What is interesting for us now is the require key. The require key contains the dependencies declarations for our application. We see that we require PHP engine version 5.6 or later and several Zend Framework components, like zend-mvc, zend-mvc-form, etc.

The information contained in composer.json file is enough to locate the dependencies, download and install them into the vendor subdirectory. If at any time you determine that you need to install another dependency, you can do that by editing composer.json and adding your dependency in it, and then typing the following commands from your command shell:

php composer.phar self-update
php composer.phar install

The commands above will self-update the Composer to the latest available version, and then install your dependencies. By the way, Composer does not install PHP for you, it just ensures PHP has an appropriate version, and if not, it will warn you.

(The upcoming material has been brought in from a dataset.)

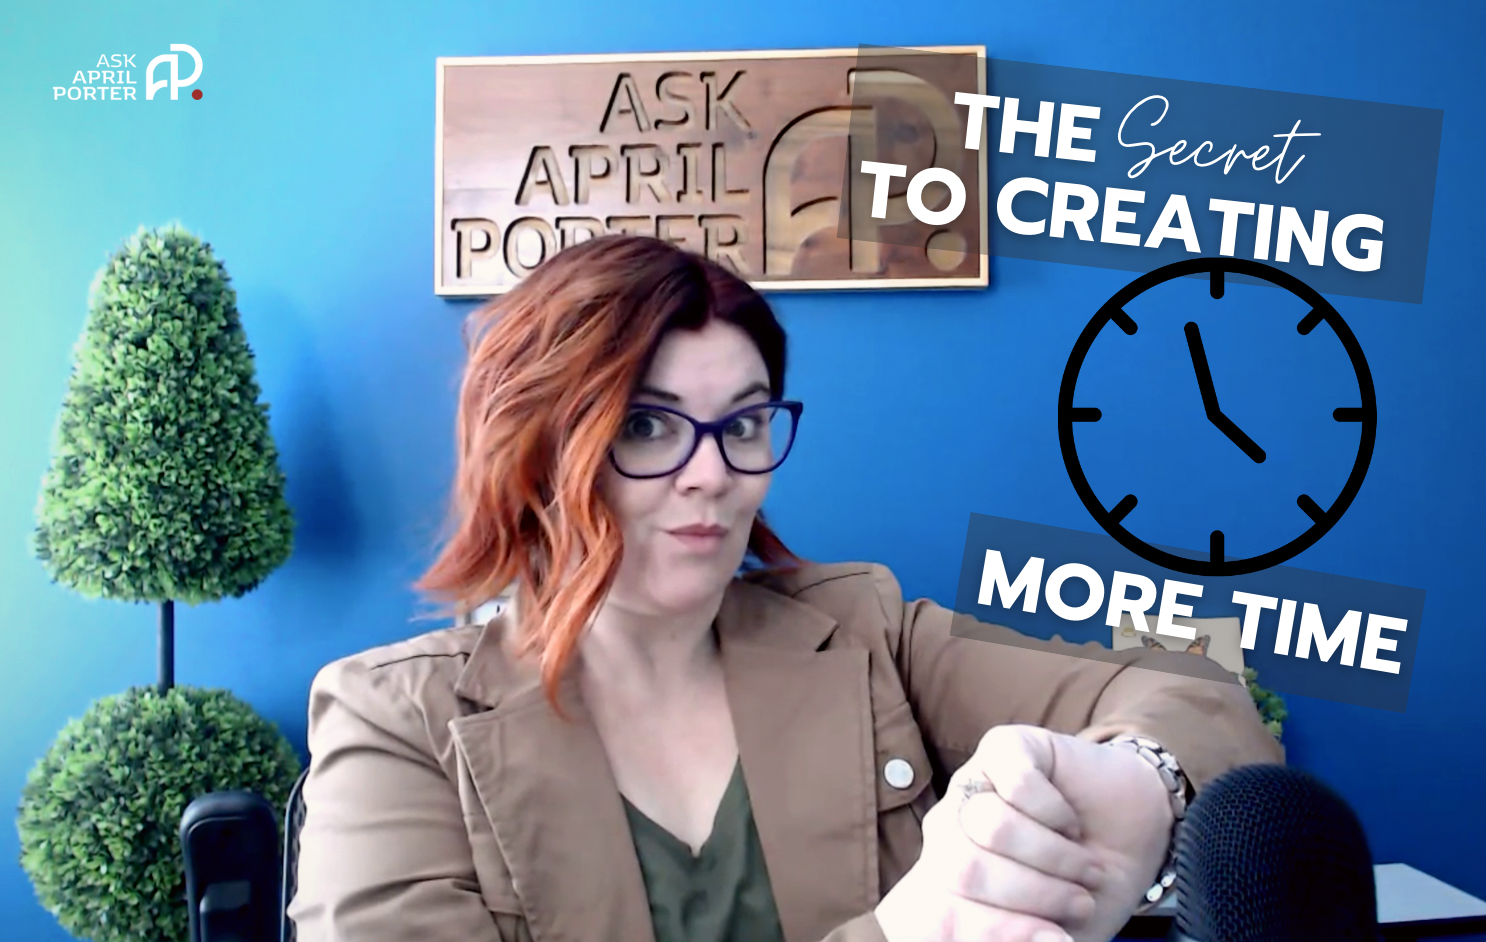 The Secret to Creating More Time

If you look inside the vendor subdirectory, you can see that it contains a lot of files. Zend Framework 3 files can be found inside the APP_DIR/vendor/zendframework/ directory (figure 2.2).

Figure 2.2. Vendor directory Figure 2.2. Vendor directory

In some other frameworks, another (conventional) way of dependency installation is used. You just download the dependency library as an archive, unpack it and put it somewhere inside of your directory structure (typically, to vendor directory). This approach was used in Zend Framework 1. But, in Zend Framework 3, you are recommended to install dependencies with Composer.